You are viewing a plain text version of this content. The canonical link for it is here.
Posted to notifications@libcloud.apache.org by pquentin <gi...@git.apache.org> on 2017/10/18 07:33:54 UTC
[GitHub] libcloud pull request #1135: storage: Fix hash computation performance on up...
GitHub user pquentin opened a pull request:
https://github.com/apache/libcloud/pull/1135
storage: Fix hash computation performance on upload
## storage: Fix hash computation performance on upload
### Description
The storage base driver computes the hash of uploaded files: individual drivers use it to ensure the reported hash is correct. Before libcloud 2.x, this was done efficiently: the file was only read once, and we were using `hash.update()` to avoid keeping the whole file in memory. With the switch to the requests module, both of these optimizations were removed inadvertently. It turns out the important one is using `hash.update()`: computing the hash on the whole file in memory is orders of magnitude slower.
### Status
- done, ready for review
### Checklist (tick everything that applies)
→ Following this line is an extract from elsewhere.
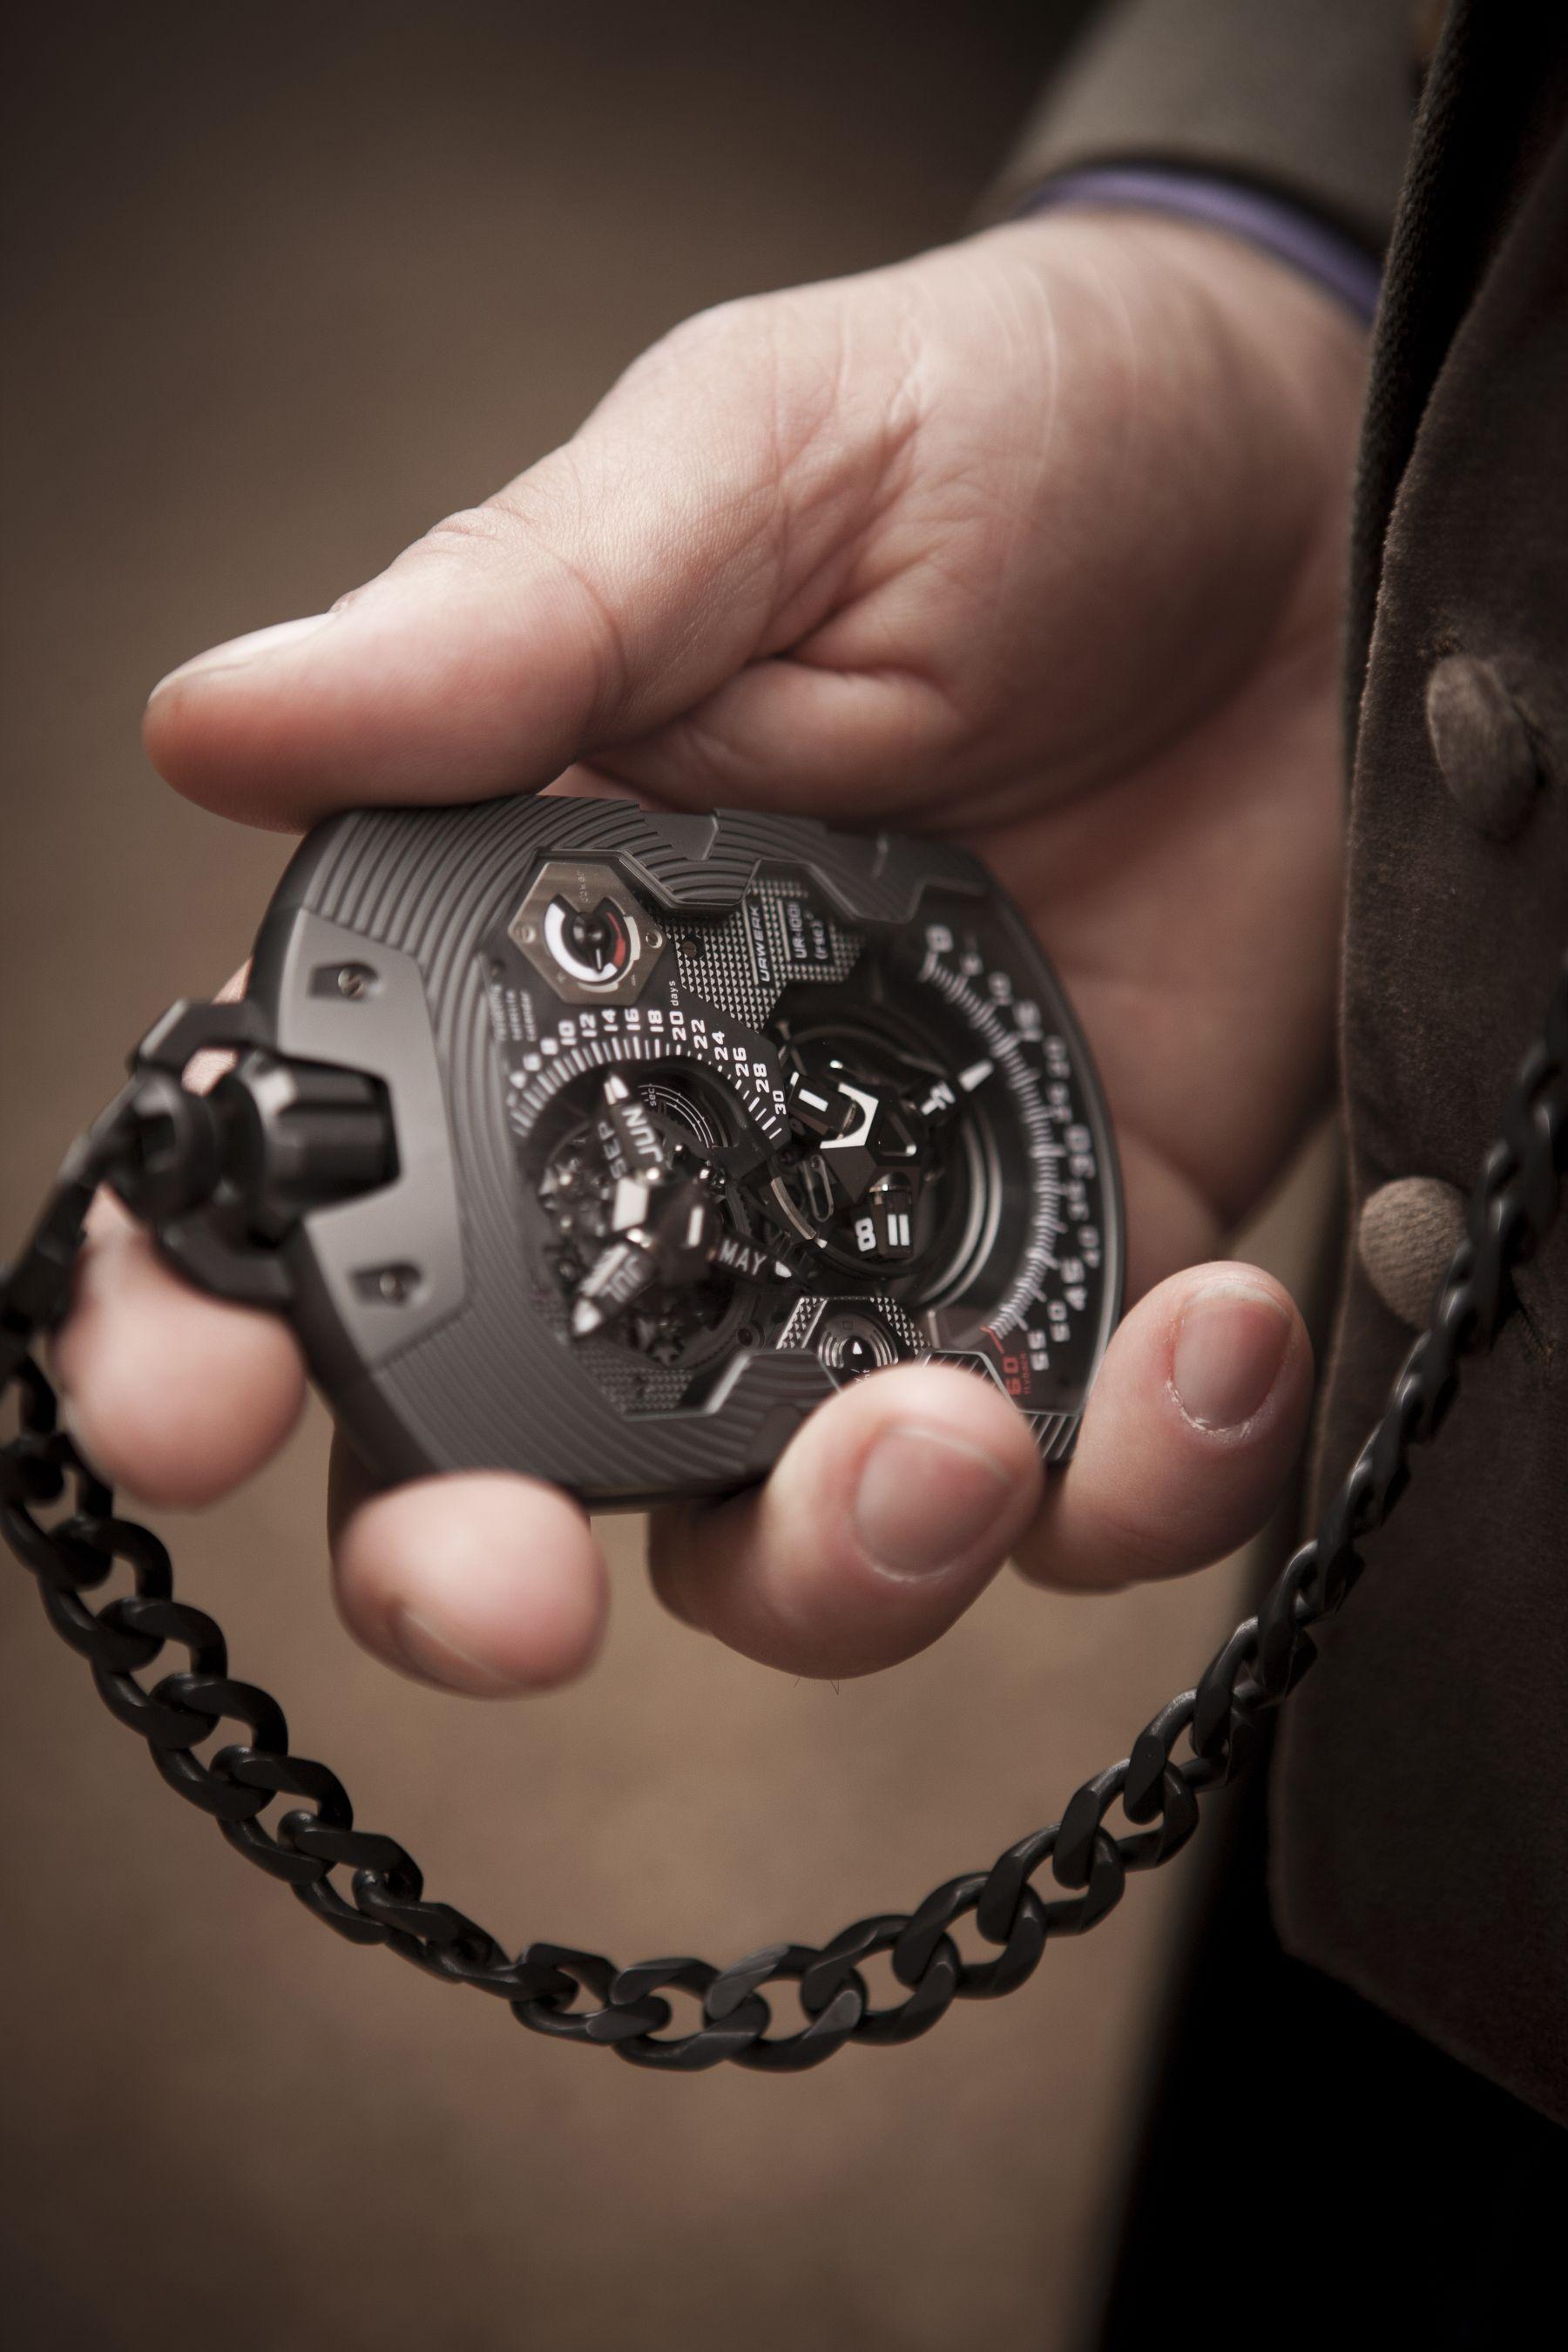 реплики на часовници breitling pеплики Качество Hublot

- [x] [Code linting](http://libcloud.readthedocs.org/en/latest/development.html#code-style-guide) (required, can be done after the PR checks)
- [ ] Documentation
- [x] [Tests](http://libcloud.readthedocs.org/en/latest/testing.html)
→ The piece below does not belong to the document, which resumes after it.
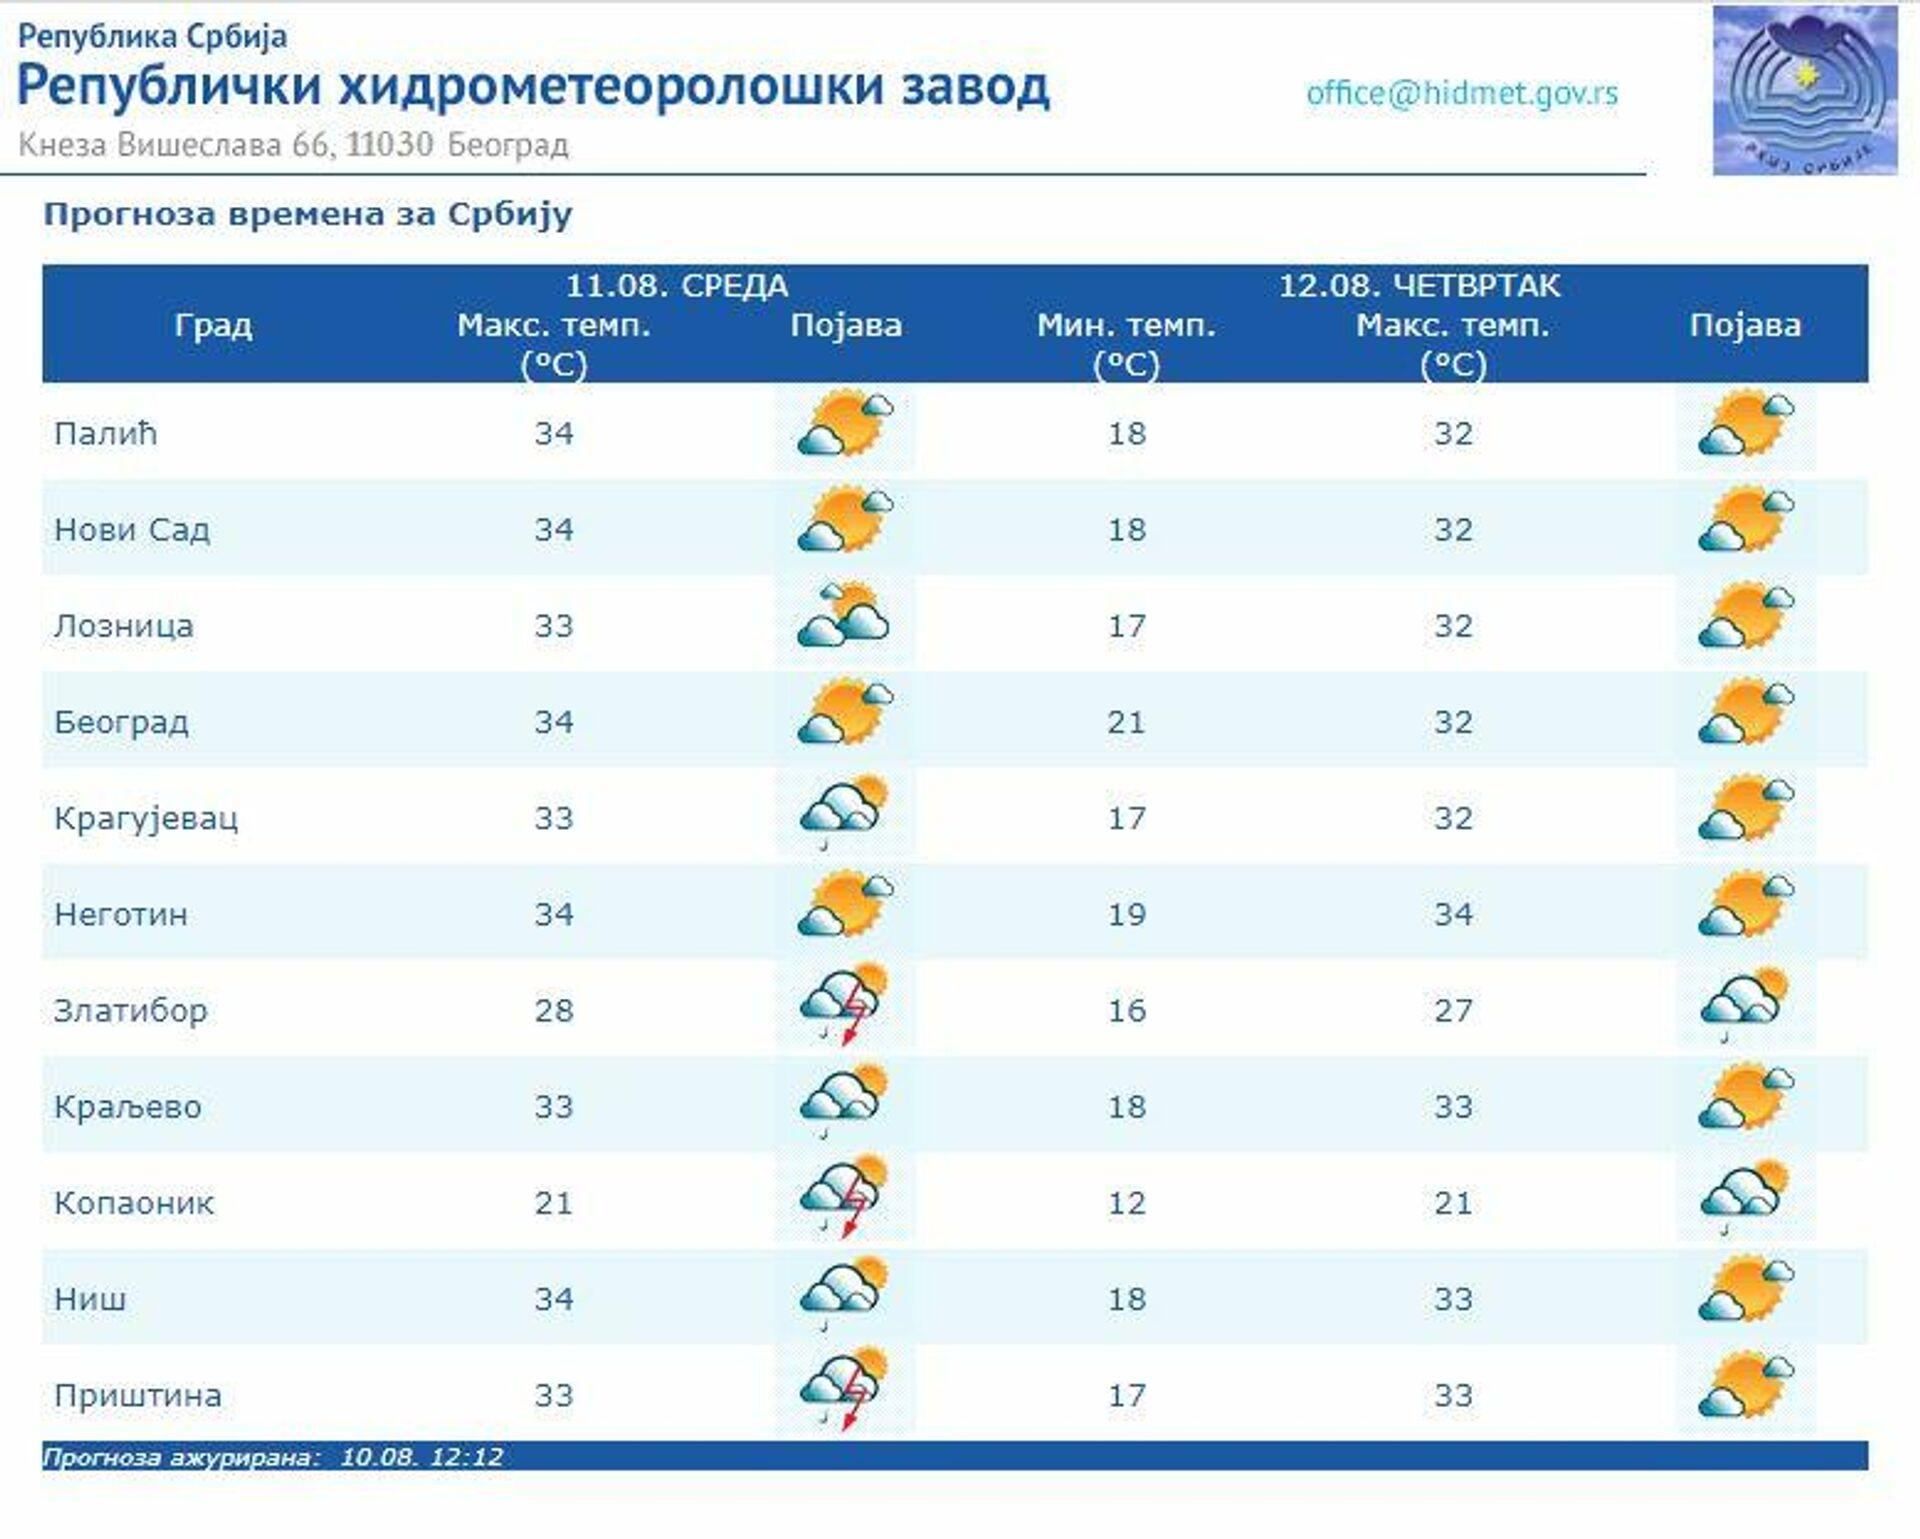 Временска прогноза за 11. август 2021. - Sputnik Србија, 1920, 11.08.2021

- [x] [ICLA](http://libcloud.readthedocs.org/en/latest/development.html#contributing-bigger-changes) (required for bigger changes)
You can merge this pull request into a Git repository by running:
$ git pull https://github.com/pquentin/libcloud upload-stream-hash
Alternatively you can review and apply these changes as the patch at:
https://github.com/apache/libcloud/pull/1135.patch
To close this pull request, make a commit to your master/trunk branch
with (at least) the following in the commit message:
This closes #1135
----
commit 89ecd6e0346ce7cf4f6f2ec47814168f843cfa27
Author: Quentin Pradet <qu...@clustree.com>
Date: 2017-10-18T07:15:22Z
storage: Fix hash computation performance on upload
The storage base driver computes the hash of uploaded files: individual
drivers use it to ensure the reported hash is correct. Before libcloud
2.x, this was done efficiently: the file was only read once, and we were
using `hash.update()` to avoid keeping the whole file in memory. With
the switch to the requests module, both of these optimizations were
removed inadvertently. It turns out the important one is using
`hash.update()`: computing the hash on the whole file in memory is
orders of magnitude slower.
----
---
[GitHub] libcloud pull request #1135: storage: Fix hash computation performance on up...
Posted by asfgit <gi...@git.apache.org>.
Github user asfgit closed the pull request at:
https://github.com/apache/libcloud/pull/1135
---